(Information provided Opens)

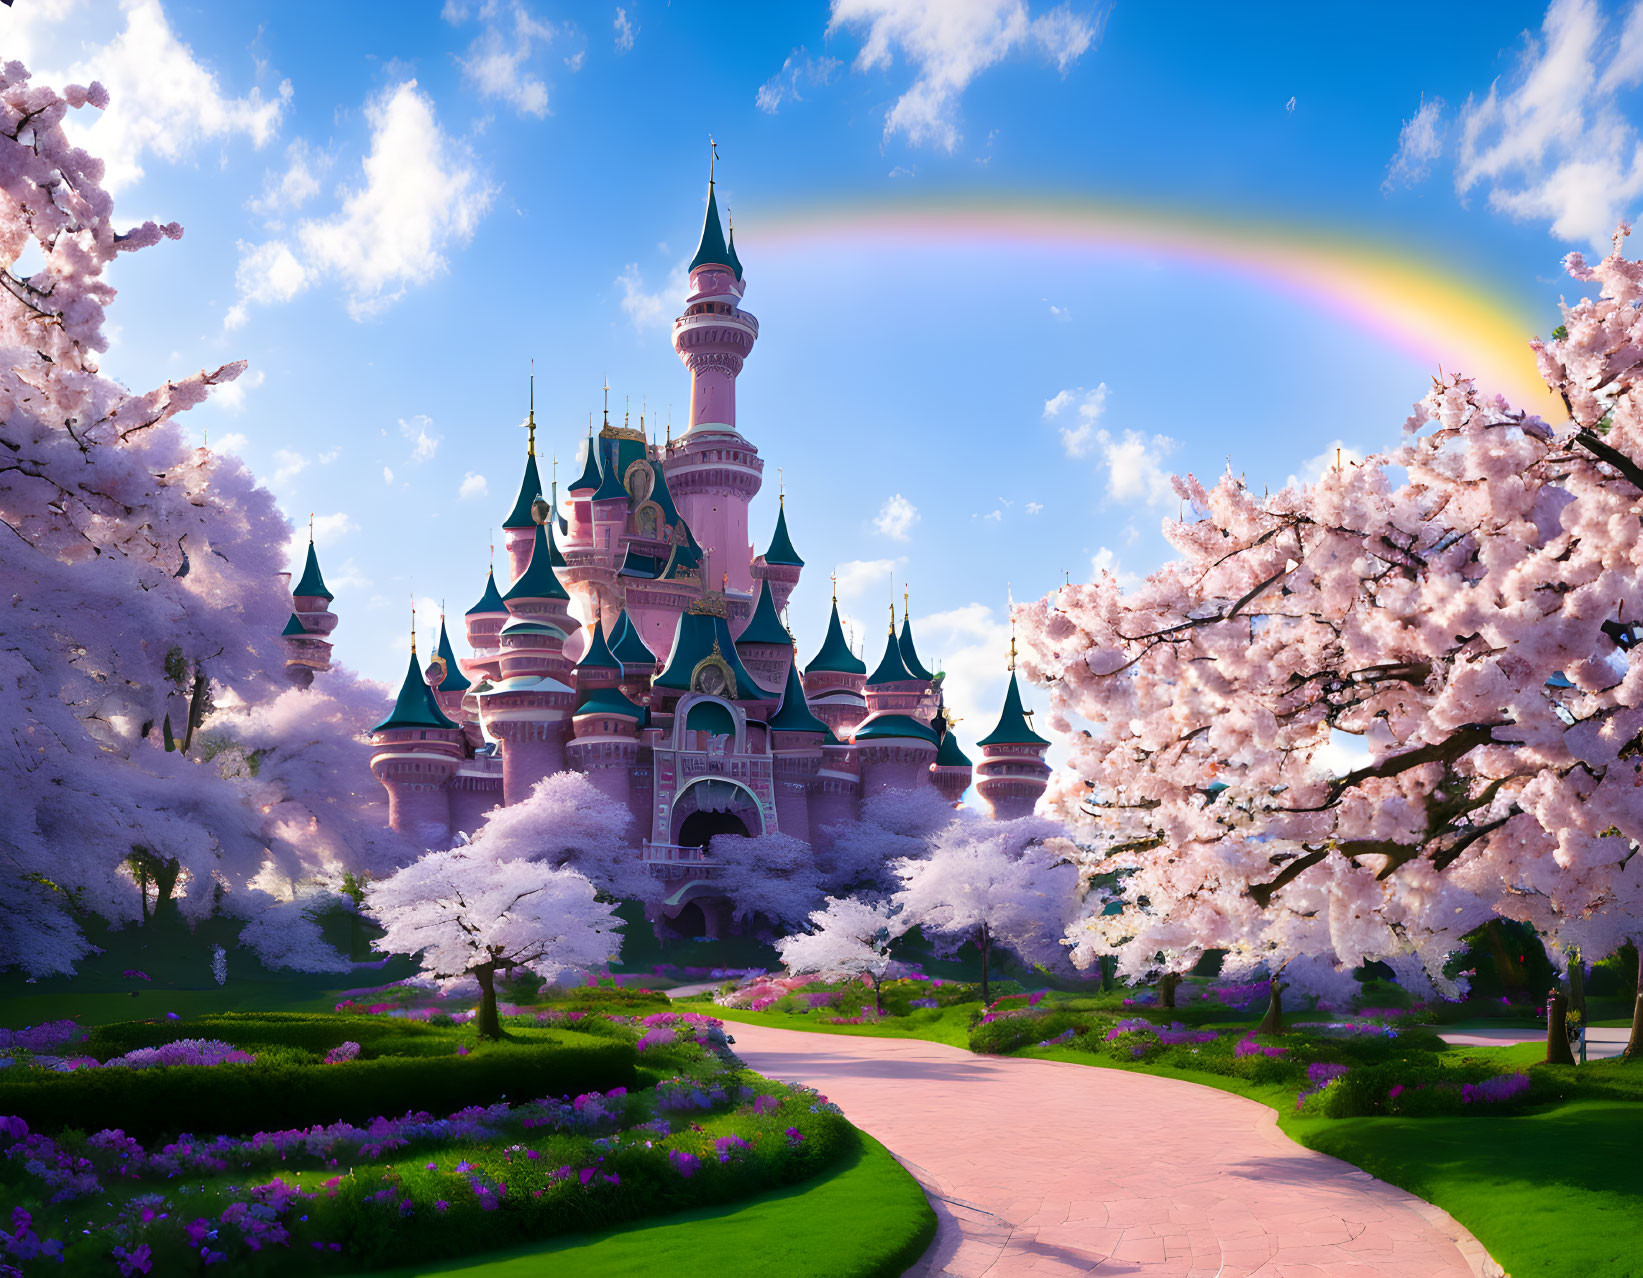 Fairytale castle with cherry trees and rainbow in blue sky
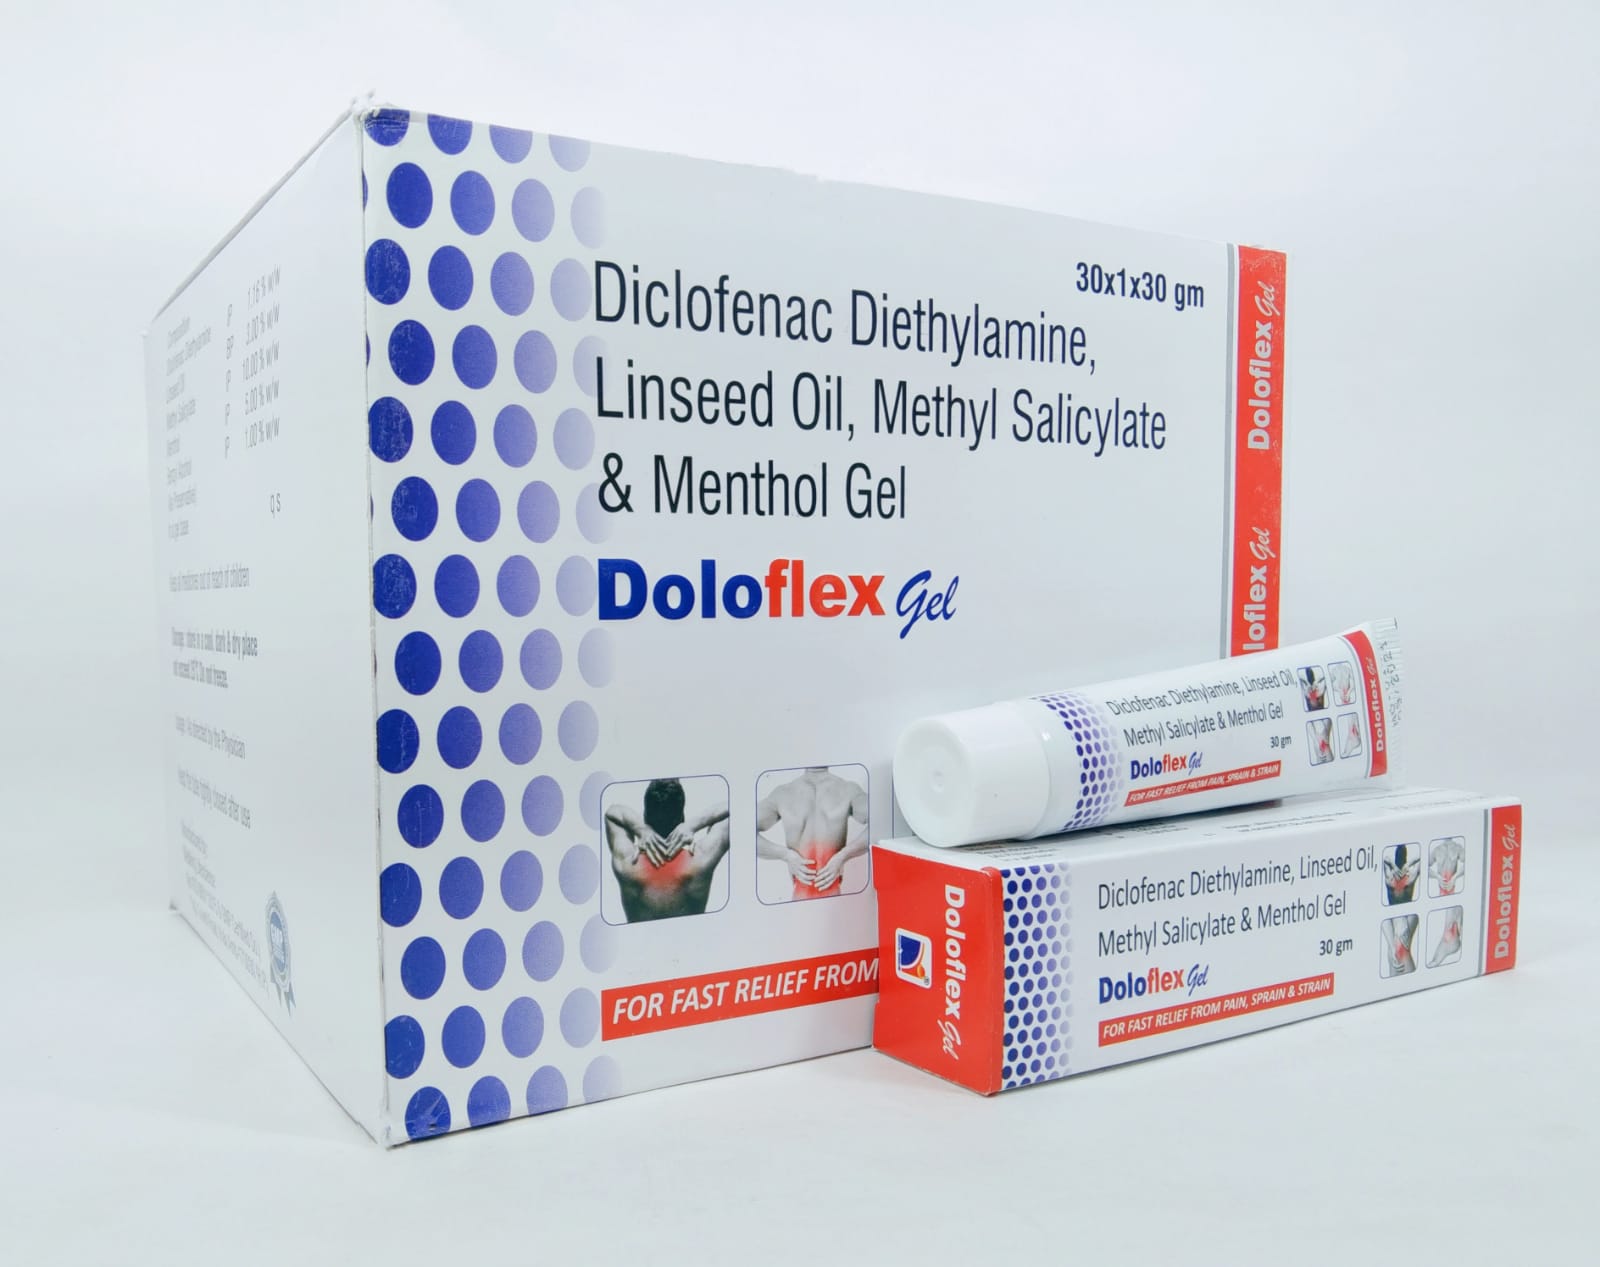 Product Name: Doloflex Gel, Compositions of Doloflex Gel are Diclofenac  Diethylamine,Linseed Oil,Methyl Salicylate & Menthol Gel - Nova Indus Pharmaceuticals
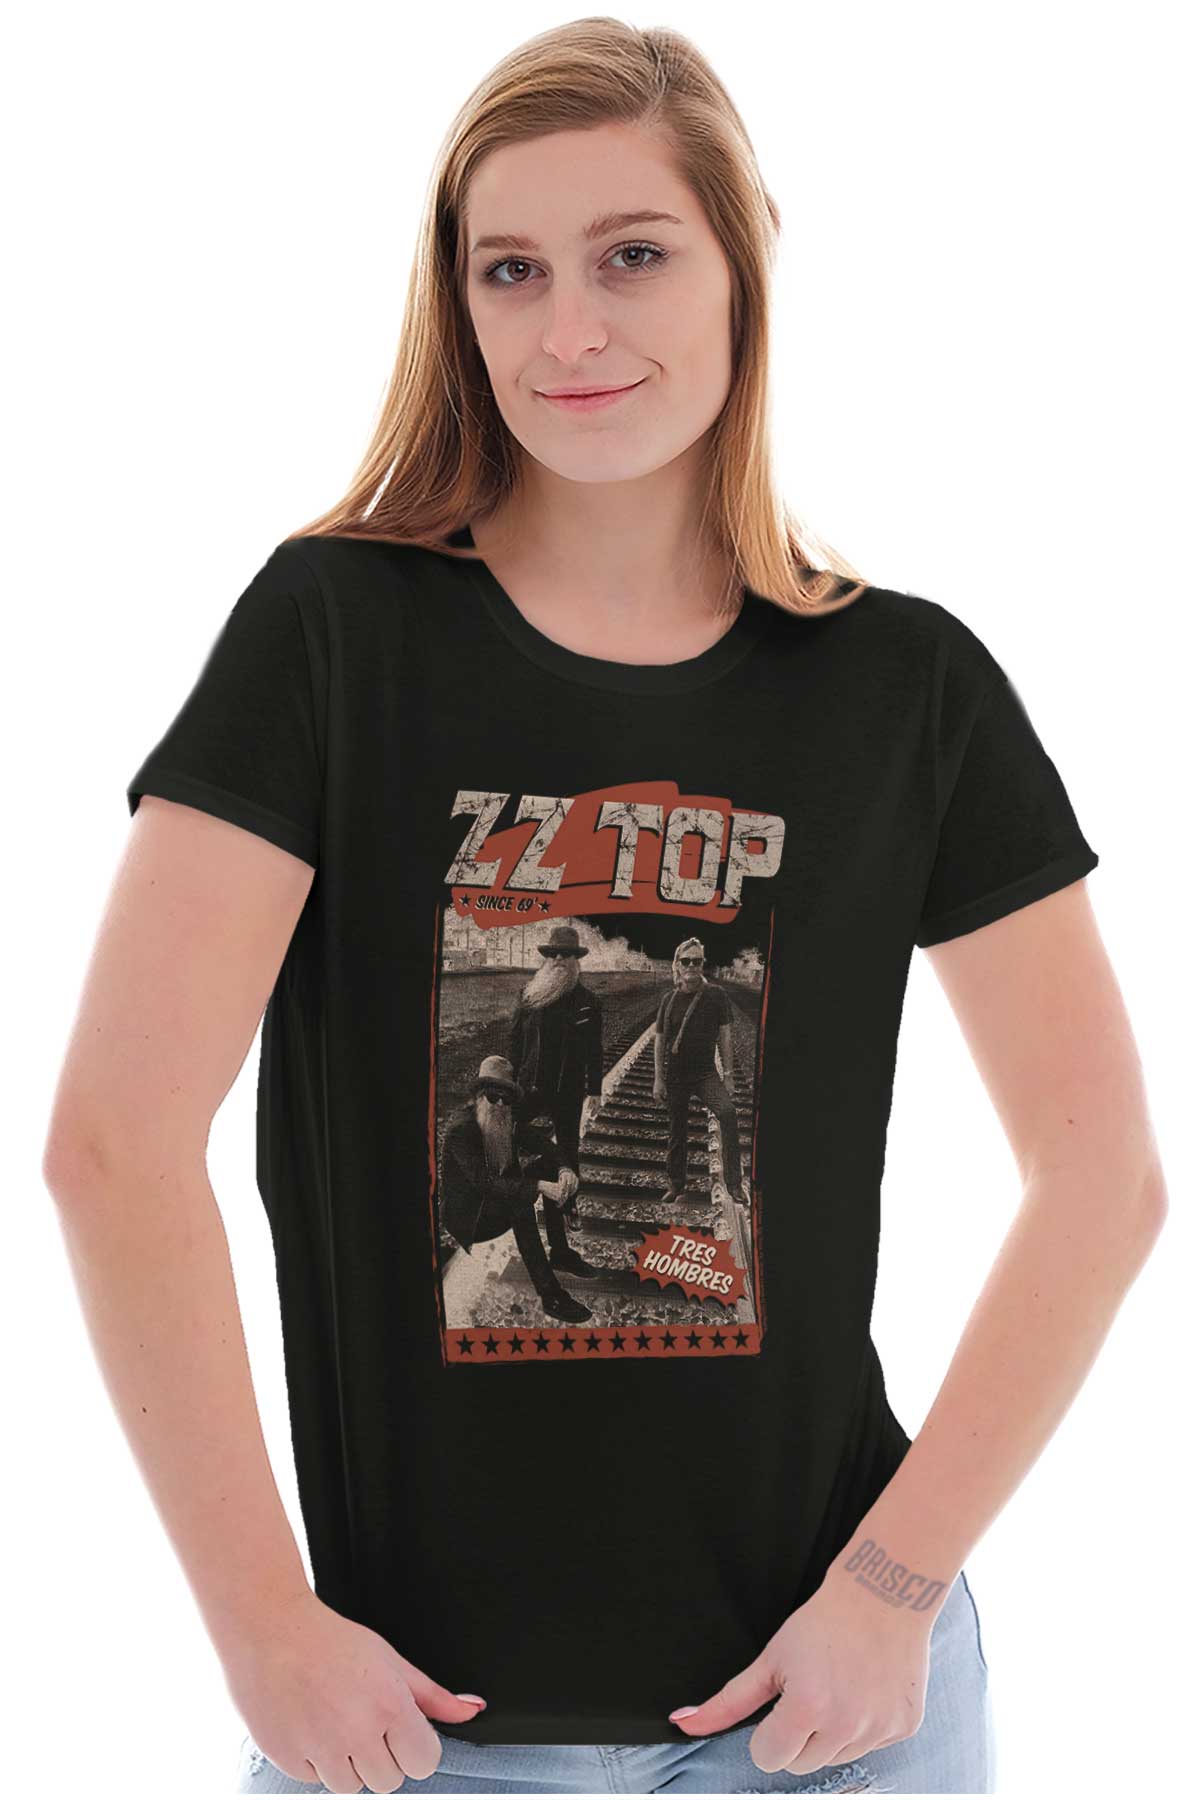 Official ZZ Top Tres Hombres Concert Women's T Shirt Ladies Tee Brisco Brands S - image 1 of 4

(Information provided Closes)

=== Problem description ===
Retype, word for word, the line containing "Product Name: Doloflex" and each line after it through the end of the data, leaving any picture out.

=== Response to the exercise ===
 Product Name: Doloflex Gel, Compositions of Doloflex Gel are Diclofenac  Diethylamine,Linseed Oil,Methyl Salicylate & Menthol Gel - Nova Indus Pharmaceuticals
 Official ZZ Top Tres Hombres Concert Women's T Shirt Ladies Tee Brisco Brands S - image 1 of 4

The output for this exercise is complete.